Idaho is losing about $250 million per year in taxes owed under current law, including $30 million in sales and use taxes that should be collected as part of transactions on the Internet, according to the Idaho Tax Commission.
That uncollected revenue represents 7.3 percent of “the whole pie,” commission chairman Royce Chigbrow told the Joint Finance-Appropriations Committee Feb. 3.
“It does impose an unfair burden on those who pay,” he said. “It erodes confidence in the voluntary tax system and reduces revenues for the state to provide service.”
The commission, which took the estimate about uncollected Internet taxes from a University of Tennessee study, says it could close part of that gap by increasing audits and hiring more compliance workers as well as other tough policy changes, including simplification of Internet tax collection.
Sen. Mike Jorgenson, R-Hayden Lake, has introduced a bill this session that would allow the tax commission to participate in discussions with 23 other states about the Streamlined Sales Tax Project, which aims to simplify sales tax policies to make it easier for out-of-state Internet companies to collect and remit sales taxes to participating states.

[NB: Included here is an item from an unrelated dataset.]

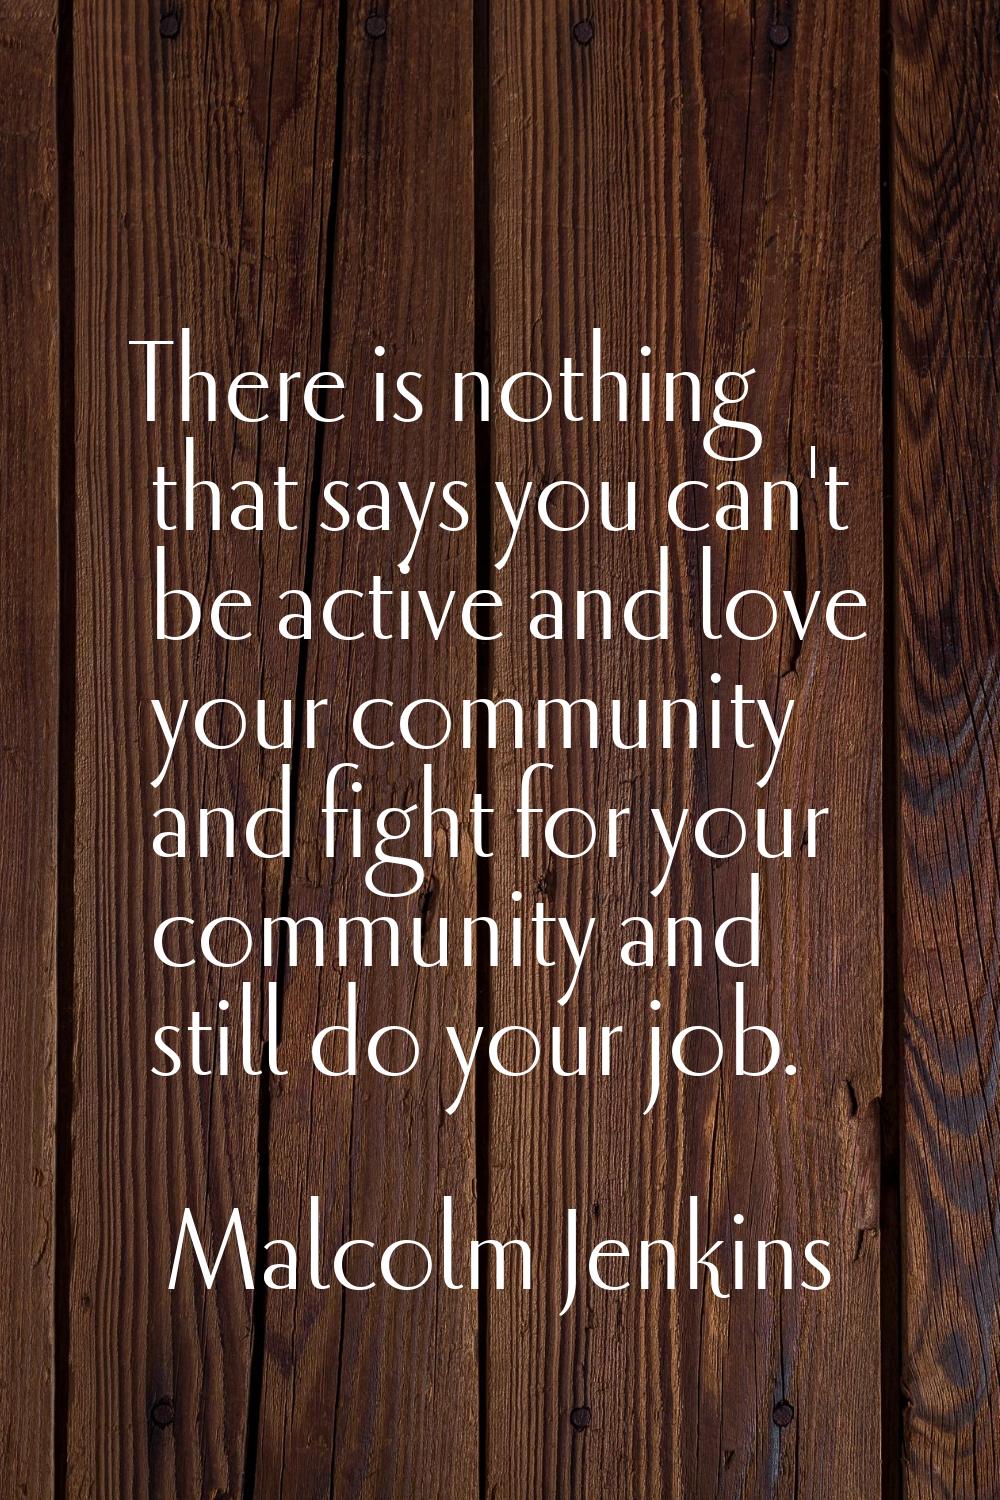 There is nothing that says you can't be active and love your community and fight for your community

Chigbrow said for each $1 million invested in compliance, the commission estimates that it would collect an additional $10 million.
“Unfortunately, the equation works in the reverse as well,” he said.
The commission faces the prospect of a budget cut during the fiscal year that begins in July, with a proposed appropriation of $31.9 million, about $250,000 less than originally budgeted for the current fiscal year.
The agency has also been cutting back to meet mid-year budget holdbacks by Gov. C.L. “Butch” Otter, leaving 30 vacant positions unfilled, ordering seven furlough days, reducing certified mail expenses and terminating a contract on a backup copy machine, Chigbrow said.
Next year, he said the agency plans to cut another 10 full-time positions from its staff of 413.5.
At the same time, the commission has received about $1.9 million in one-time money over the past year to hire temporary audit staff to collect more revenue. The Legislature appropriated an extra $425,000 this year, and the governor pushed for a one-time boost of $1.5 million.
Those temporary workers have collected about $9.9 million so far and are on pace to bring in close to $20 million by the end of the fiscal year, more than the $17.5 million expected.